# Problem:
The lines below, from the one holding "Moda Cappotti 2021: cappotto lana & cahsmere" through the one holding "Rca Informatique - image", are to be restated word for word, with all images left out.
Start of Available data
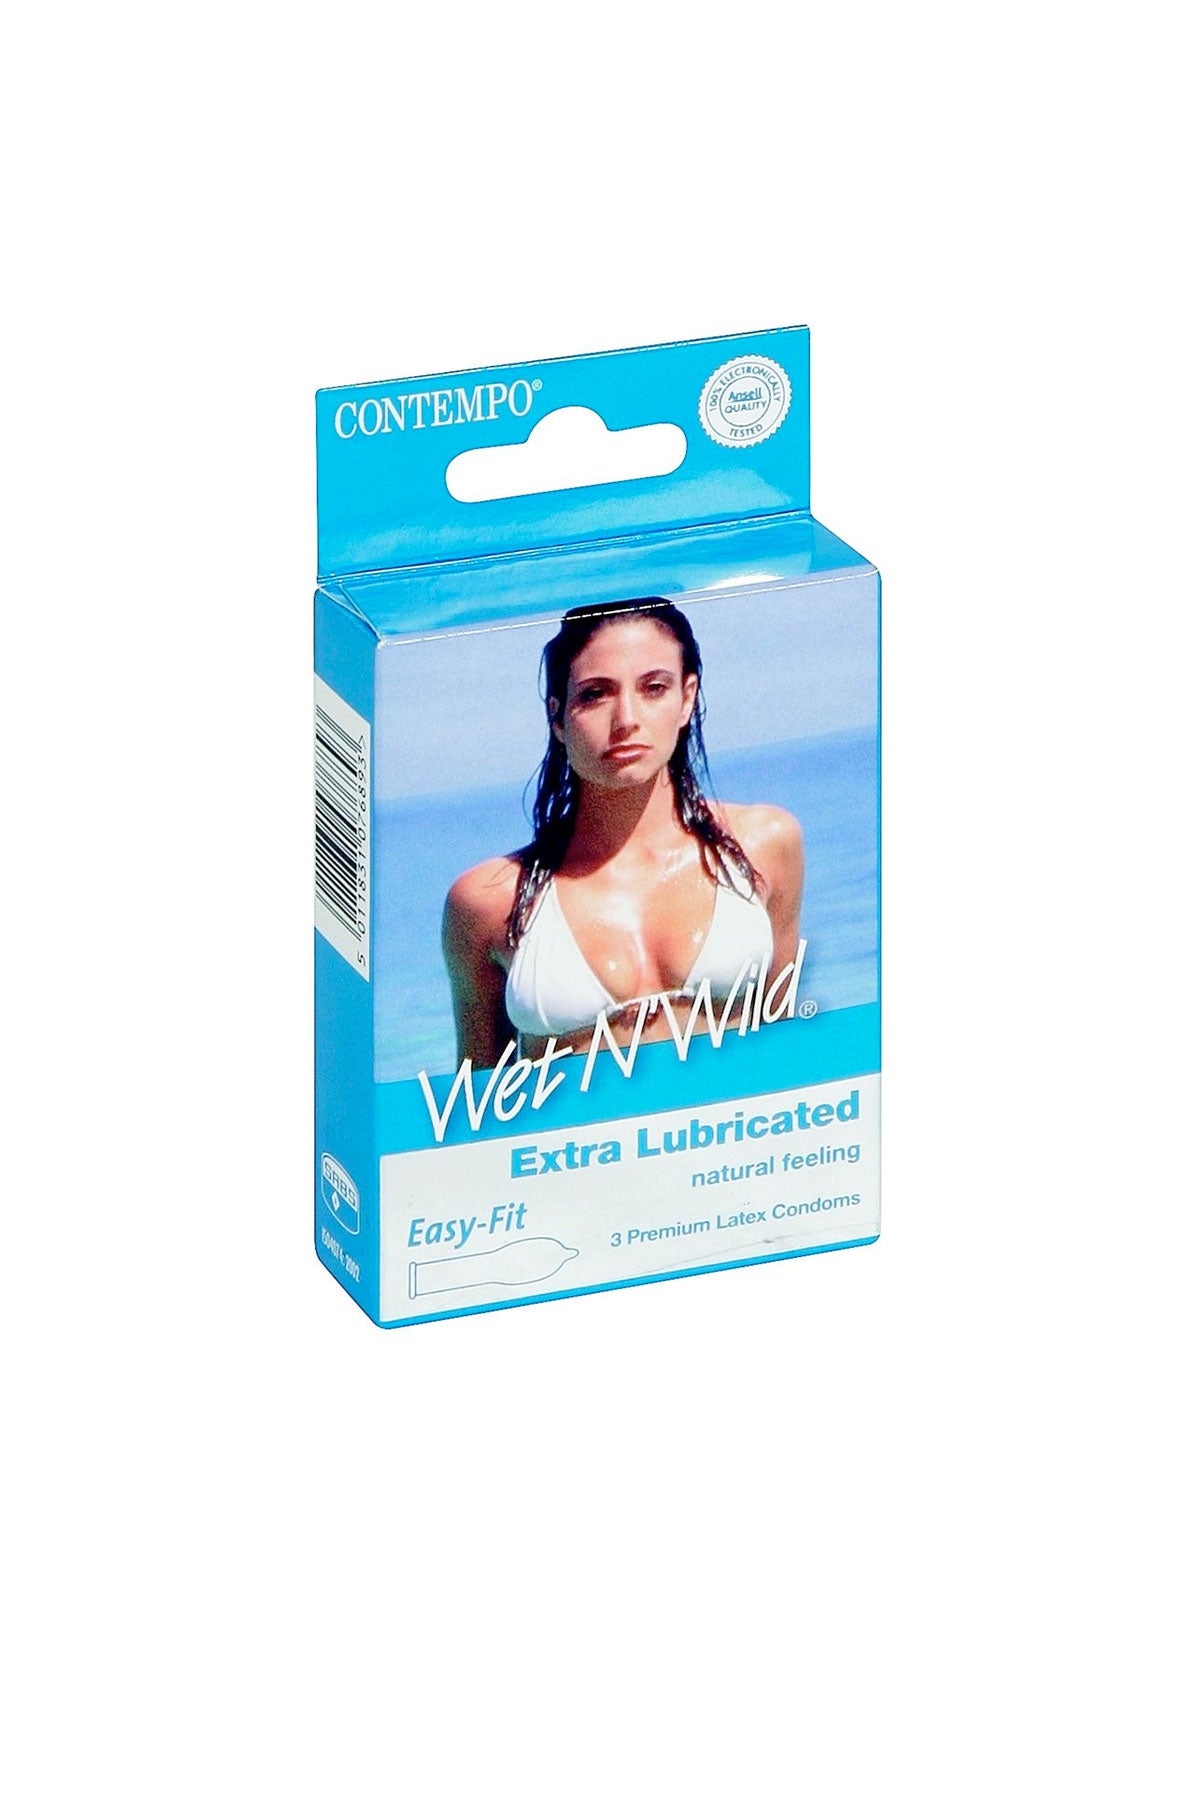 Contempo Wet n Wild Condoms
End of Available data
Start of Available data
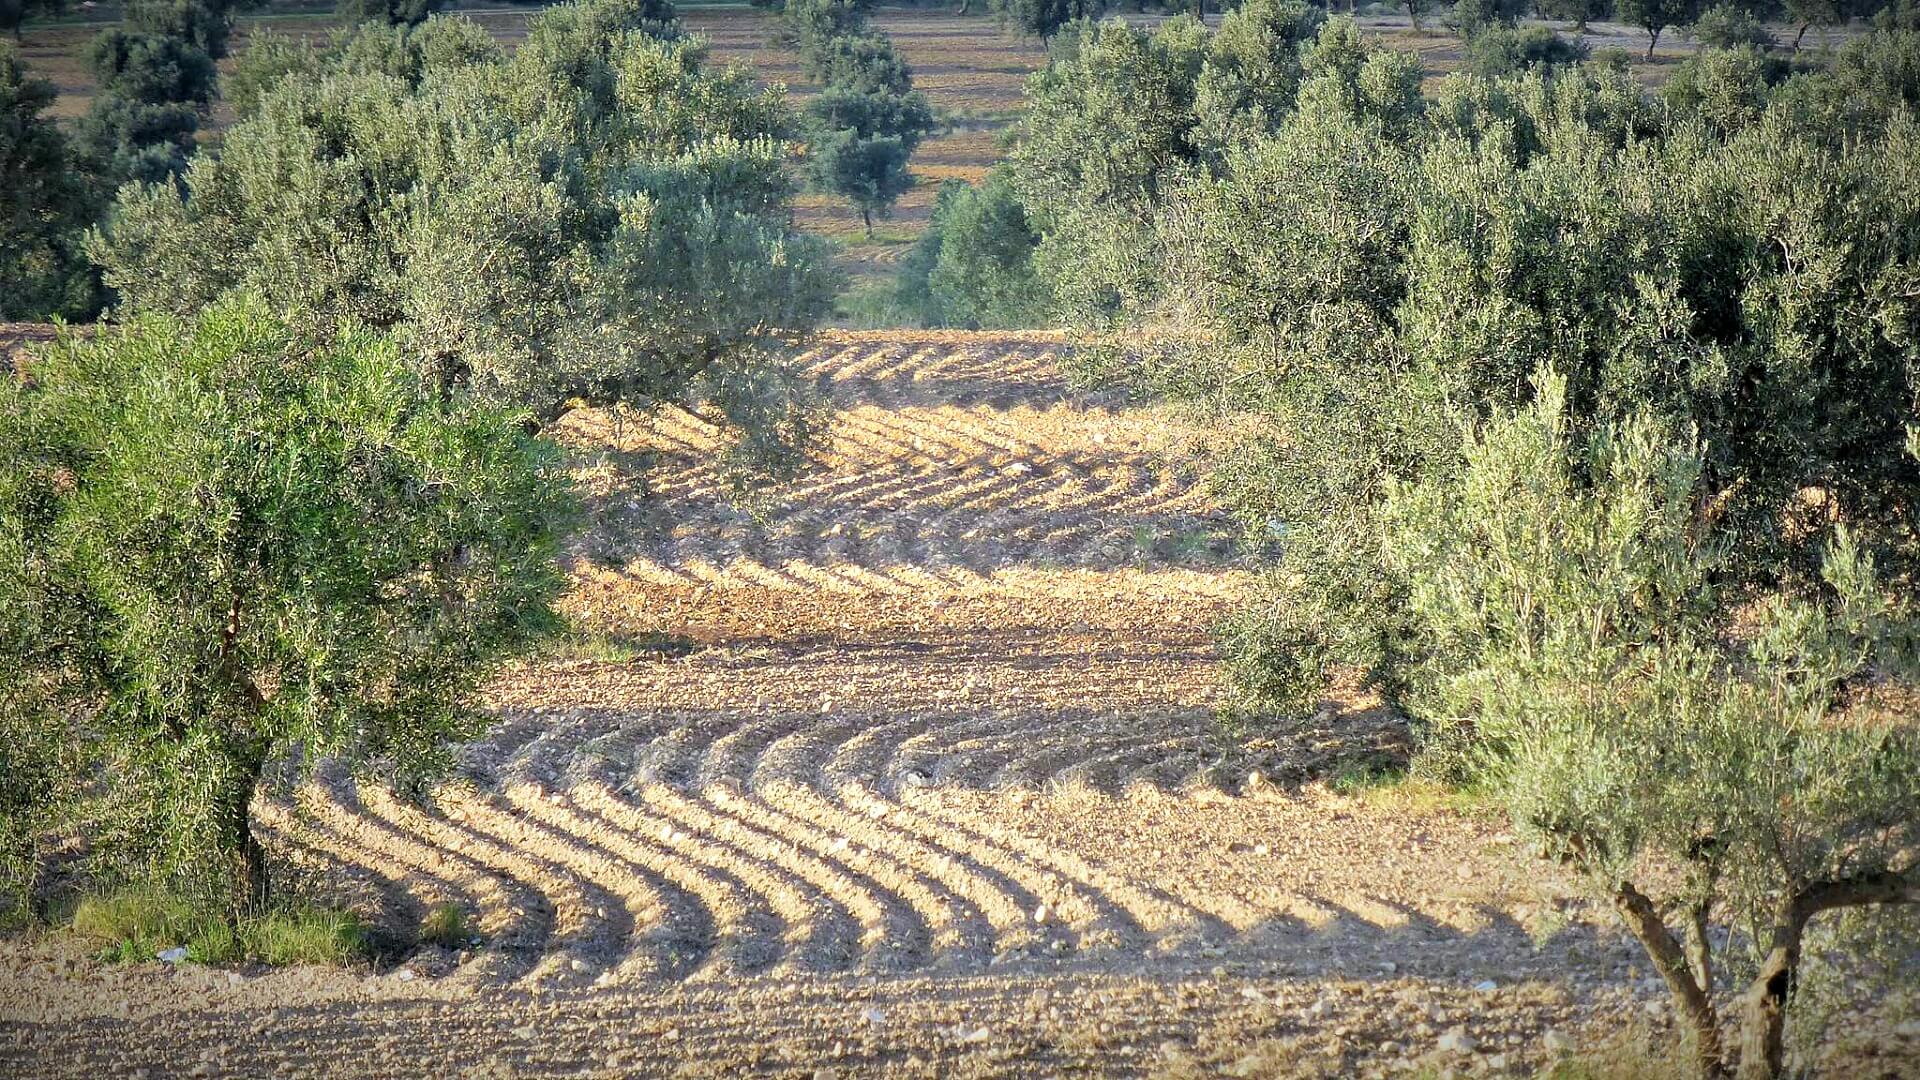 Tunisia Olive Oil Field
End of Available data
Start of Available data
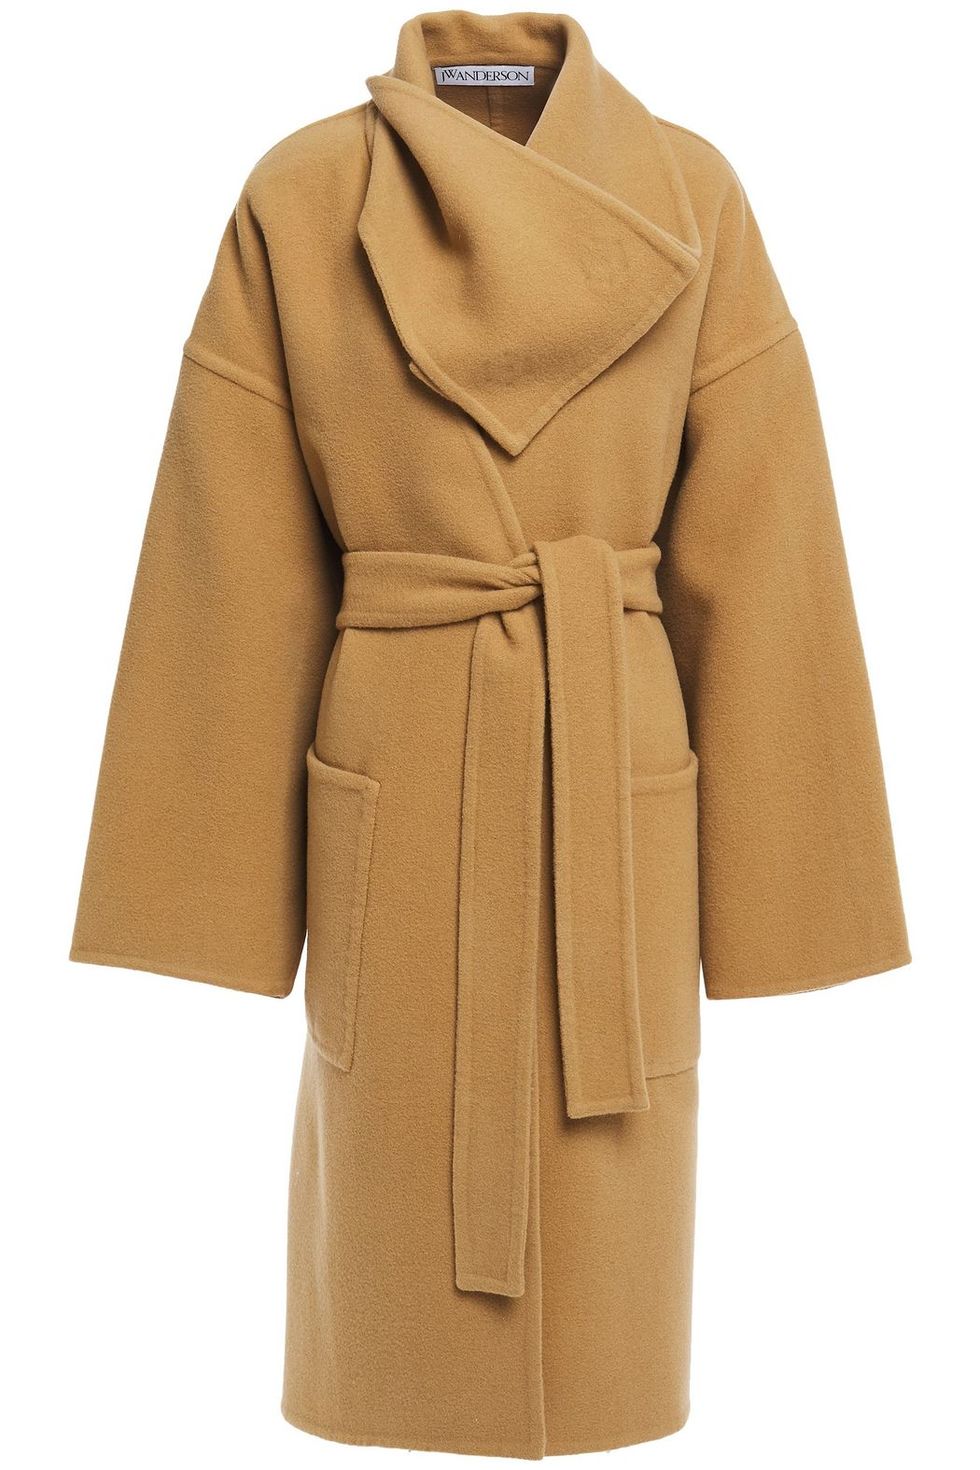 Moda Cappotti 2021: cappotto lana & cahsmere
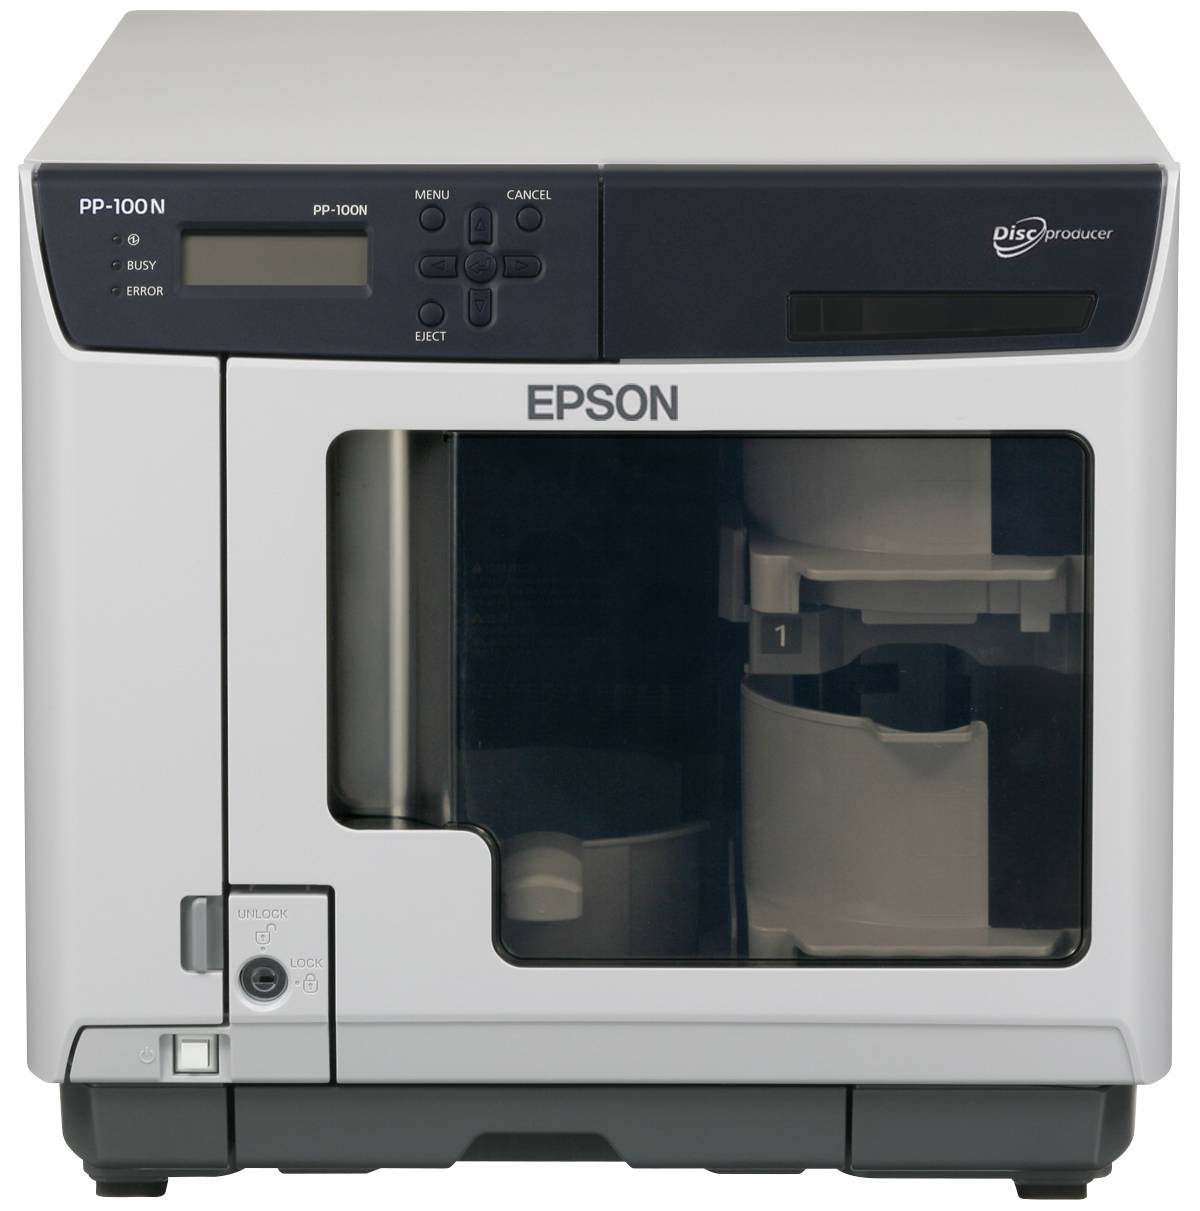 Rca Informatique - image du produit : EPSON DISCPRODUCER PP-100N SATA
End of Available data
# Task answer:
 Moda Cappotti 2021: cappotto lana & cahsmere
 Rca Informatique - image du produit : EPSON DISCPRODUCER PP-100N SATA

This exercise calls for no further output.